From 1991 to 2006, there was indeed a partnership between Disney and Pixar. Pixar was responsible for the creation and production of films while Disney handled marketing and distribution. This, in effect, kept all creative decisions safely in Pixar’s hands. Pixar was a small, independent and self-determining company, at times employing only 42 people. The company made movies with quality over profit in mind.
However, then things became “Disneyfied.” With the creation of Disney-Pixar in 2006, Disney took an active role in the production of Pixar films. Movie concepts were to be screened and approved by Disney. Because the budgets of Disney-Pixar movies were higher than they had been without Disney, only sure box-office hits were approved. The films became duller with higher budgets. They feel engineered rather than artistically crafted. The old movies were charming in their naivete and cheerful bliss; the new movies are frustrating in their overbearing settings, characters and plots.
Perhaps one contributing factor to Pixar’s decline is that beginning in 2006, Pixar has released a film every year. Before 2006, films were released two years apart on average. Pixar also suffered the loss of Steve Jobs in 2006. Jobs had been the CEO of Pixar for 11 years before 2006. After the transaction, Jobs abandoned his leading role at Pixar and became the single largest shareholder on Disney’s board of directors. In fact, upon his death, the majority of his estate’s worth was derived from Disney, not Apple.
I wish for a return to those good ol’ simple-minded Pixar masterpieces. Maybe I’m seeing through the lens of nostalgia — if I had spent my childhood years with “Wall-E” or “Up,” I might prefer them to “Finding Nemo” or “Monsters Inc.” Pixar seems to prefer its old movies, too — what else would explain all these recent sequels? (In addition to “Toy Story 3,” Pixar has slated upcoming releases for “Finding Nemo 2” and “Monster’s University,” a “Monster’s Inc.” prequel). Unfortunately, Pixar has lost originality in pursuit of easy money. The sequel is almost always worse than the original. Sequels exploit the novelty of yesteryear rather than surprising us with further creative originality. Ed Catmull, the current president of Pixar, can learn from his own advice: “We as executives have to resist our natural tendency to avoid or minimize risks, which, of course, is much easier said than done. In the movie business and plenty of others, this instinct leads executives to choose to copy successes rather than try to create something brand-new.” Nevertheless, “Monster’s University” may prove to be very exciting for the Dartmouth community — the university setting looks like it may even be modeled after our very own Baker Bell Tower and Webster Hall.

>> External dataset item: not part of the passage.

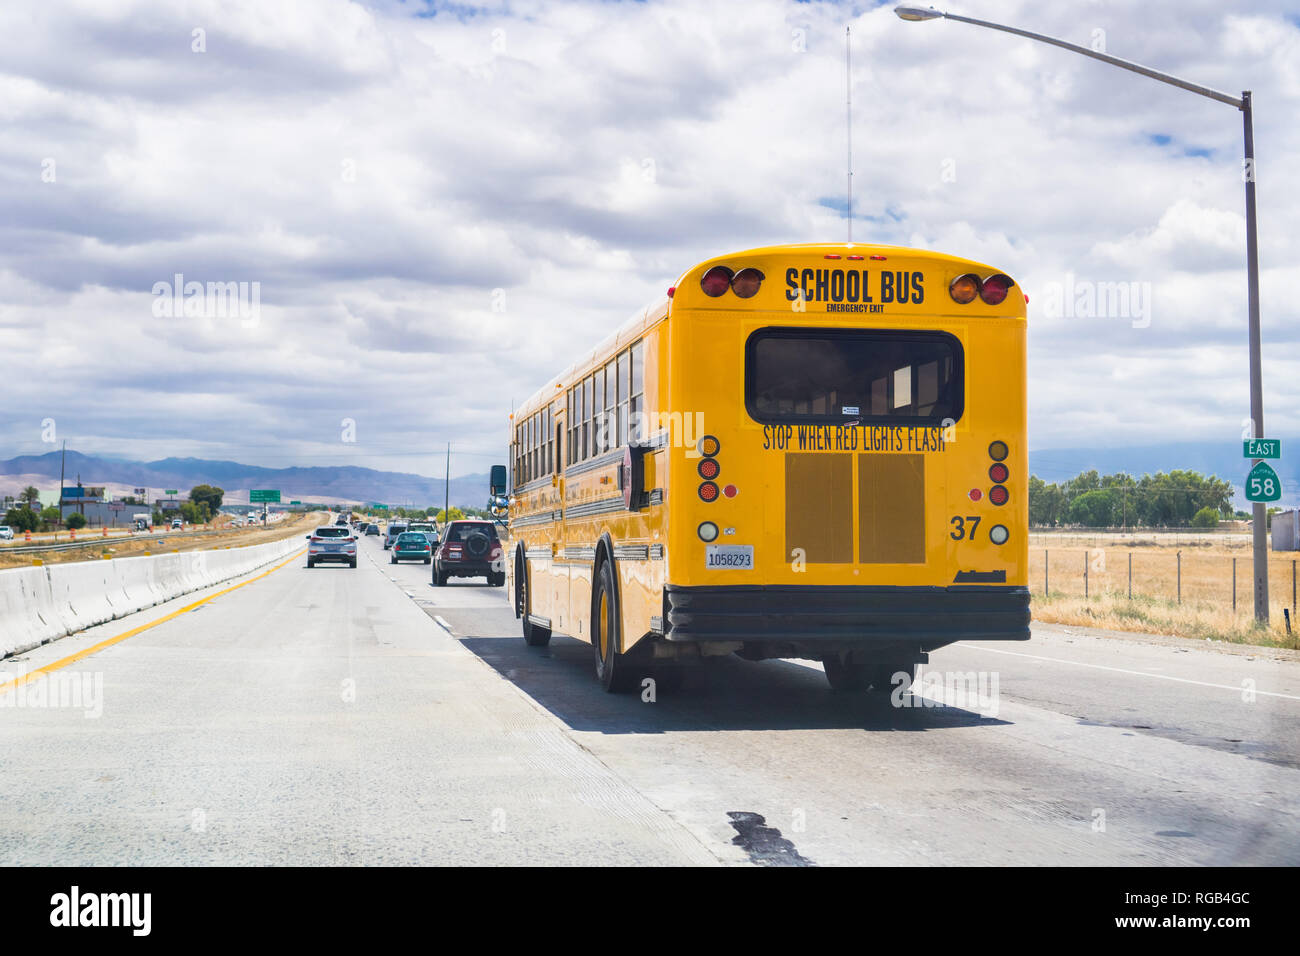 May 25, 2018 Bakersfield / CA / USA - School Bus travelling on the highway Stock Photo

I hope Pixar will go on to hire fresh talent and pursue creativity without the necessity of hungering for the big bucks that come from the next predictably formulaic blockbuster. One intriguing prospect scheduled for release in the far future is Pixar’s first live-action film, “1906,” a historical disaster film based on the 1906 San Francisco earthquake. Directed by Brad Bird, the same man who wrote and directed “The Incredibles,” this movie is sure to reintroduce creative risk to Pixar.